Brady schluckte. Er kräuselte die Lippen, nickte und sah den Doktor an. »Und jetzt das Ganze noch mal so, dass jemand wie ich es auch versteht.«

Der Doktor musterte Joe von oben bis unten. Er sah einen einfachen Mann vor sich, der ernüchtert, beinahe besiegt wirkte. Und er sah jemanden, der die simple Wahrheit hören wollte, also sollte er sie bekommen. »Ihre Schulter und ihre Knie sind im Arsch.«

»Kopf, Schulter, Knie und Zehen. So viel zu meinem Lieblingskinderreim. Na großartig!« Brady stieß einen tiefen Seufzer aus, nickte und fuhr damit fort, sich weiter anzuziehen.

»Osteoarthritis ist eine bekannte Diagnose bei Knorpelschäden. Das kann zu einer eingeschränkten Beweglichkeit, anhaltenden Schmerzen und chronischer Müdigkeit führen«, bemerkte der Doktor.

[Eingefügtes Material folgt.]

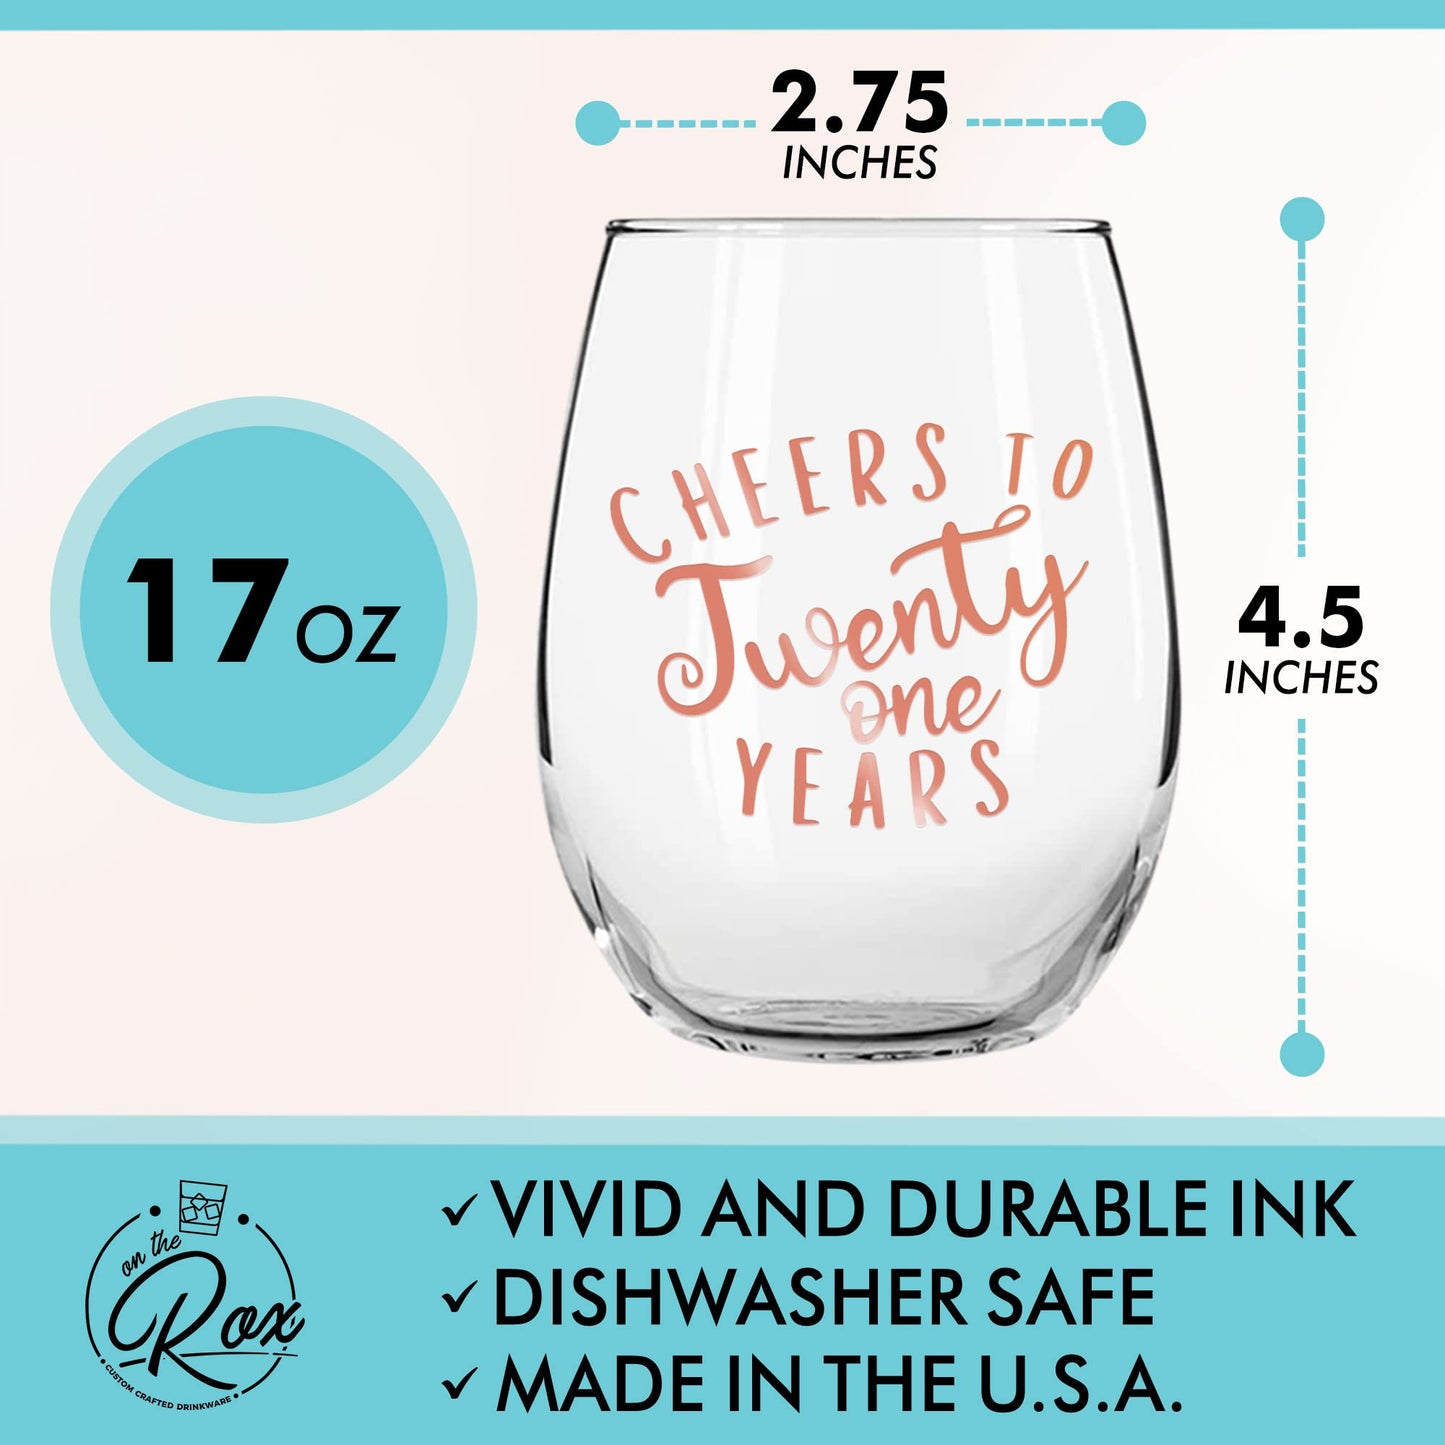 On The Rox Drinks 21st Birthday Stemless Wine Glass Gifts for Women - Cheers to 21 Years

»Hey, L’Oreal, den wissenschaftlichen Teil können Sie sich schenken. Wodurch wird so etwas verursacht?«

»Von Häusern zu fallen und Terroristen abzuwehren war sicherlich nicht besonders hilfreich dabei, aber wenn Sie meine ehrliche Meinung hören wollen, haben Sie es hauptsächlich starkem Alkoholkonsum zu verdanken.«

»Und ich dachte schon, Sie kommen mir mit Krebs um die Ecke«, witzelte Brady.

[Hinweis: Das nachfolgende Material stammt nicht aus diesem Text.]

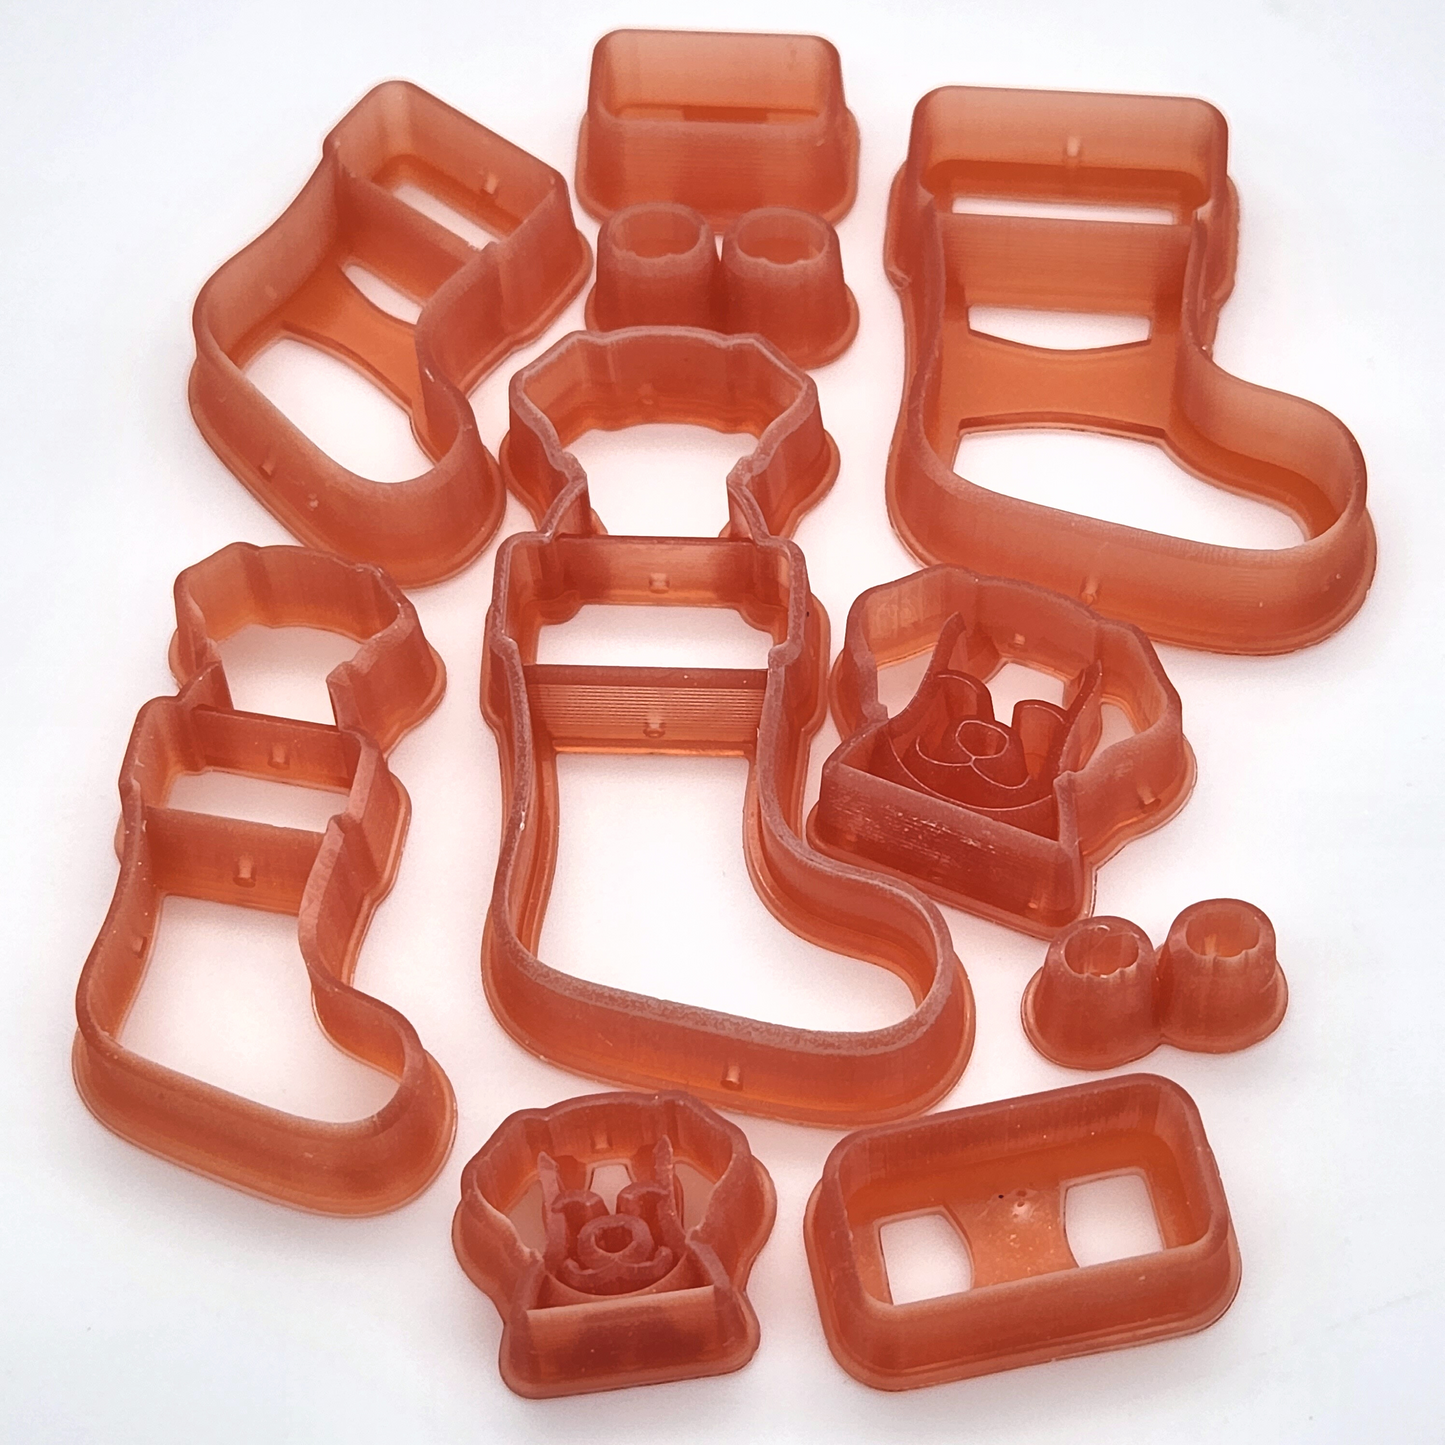 Super sharp resin polymer clay cutters puppy dog in stocking cutter set

»Nun, es ist bekannt, dass das Metall in Knieprothesen über längere Zeitraum hinweg Stoffe abgibt, die für Blutkrebs verantwortlich sein sollen, also werden wir Sie auch auf Blutkrebs untersuchen.«

»Großartig. Könnt ihr Typen so was heilen?«

»Wenn Sie mit ihr Typen Ärzte meinen, lautet die Antwort ja. Auf diesem Gebiet der Orthopädie werden derzeit große Fortschritte erzielt. Was Ihre Schulter anbelangt, würde ich empfehlen, sie mit einer hochglanzpolierten Metallkugel und einer Gelenkpfanne aus Plastik ersetzen zu lassen.«

Brady unterbrach ihn, mit einem sarkastischen Unterton in der Stimme. »Warten-Sie-mal. Sagten Sie gerade, die Kugel ist wirklich hochglanzpoliert?«

 

Vor der Tür des Untersuchungszimmers wischte eine männliche Putzkraft unmotiviert den Boden.

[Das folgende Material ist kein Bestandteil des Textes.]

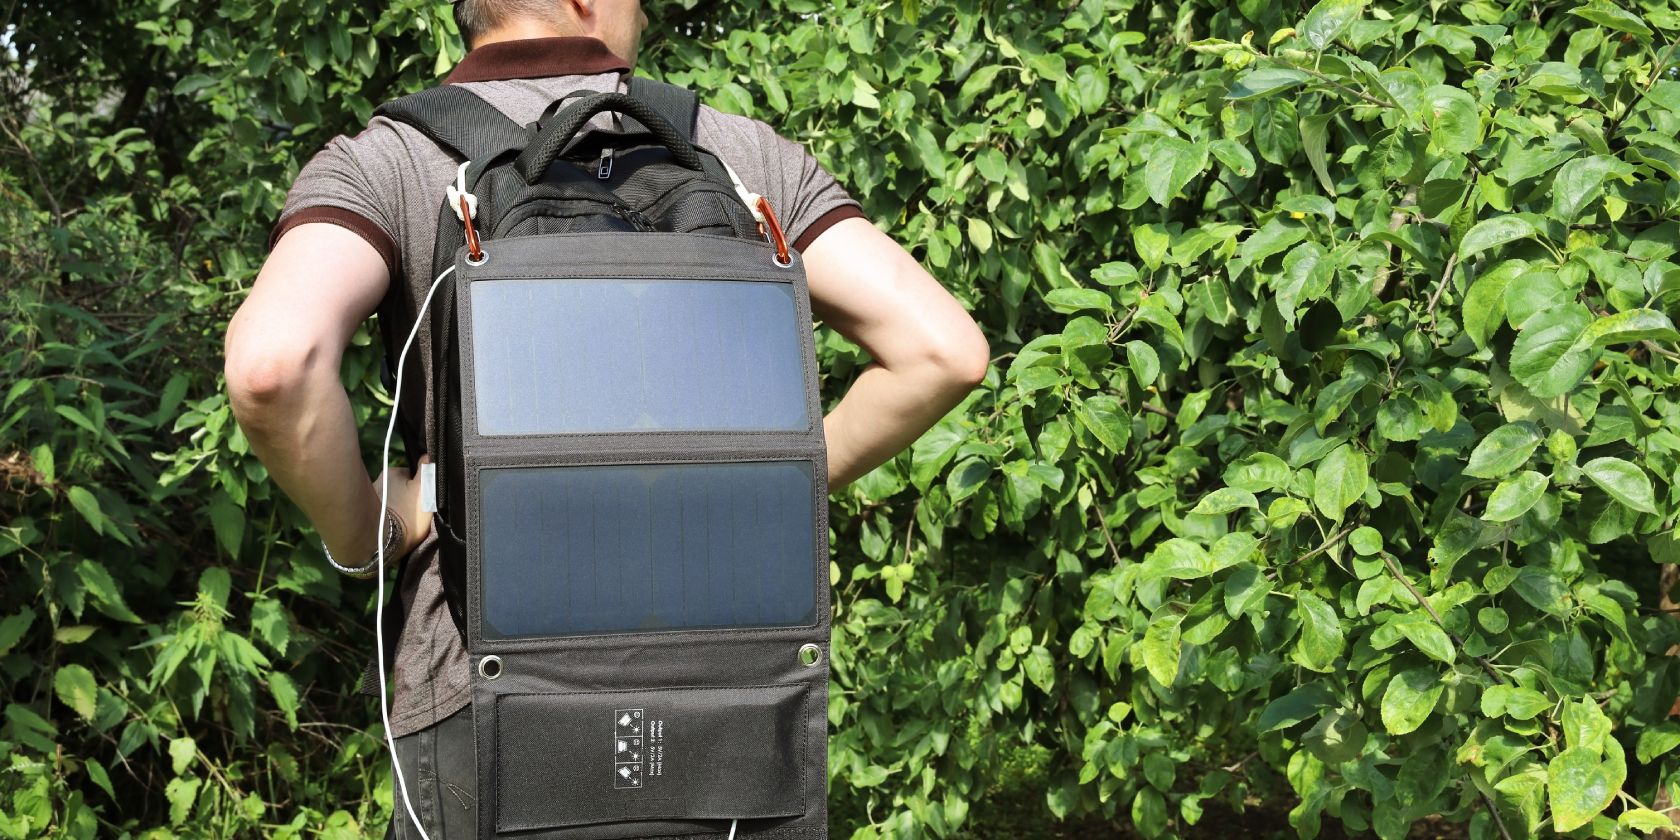 The world's smallest solar panel power bank is slightly larger than a  credit card - Yanko Design

Brady trat auf den Gang und zog die Tür hinter sich zu. Dann schlurfte er über den Korridor und rief sich die Worte des Doktors ins Gedächtnis.

»Es gibt verschiedene Behandlungsmethoden. Beispielsweise benutzt man Zellen, um neues Knorpelgewebe zu züchten, welches das alte ersetzen soll. Einige Behandlungsmethoden sind bei jüngeren und gesünderen Patienten deutlich effektiver. Andere Methoden greifen auf ein Vliesgewebe zurück, mit dem die Zellen direkt ins Gelenk platziert werden, aber dieses Verfahren ist derzeit nur in Großbritannien und der Schweiz im Einsatz. Ich würde zudem zu einer Behandlung beider Knie raten. Ein Routineeingriff mit einer 95%igen Erfolgsrate.«

Die Reinigungskraft nahm unbemerkt Bradys Fingerabdrücke von der Türklinke und verstaute sie in einer kleinen Schachtel. Dann widmete sich der Mann wieder seinen Wischmopp, während Brady um die Ecke bog.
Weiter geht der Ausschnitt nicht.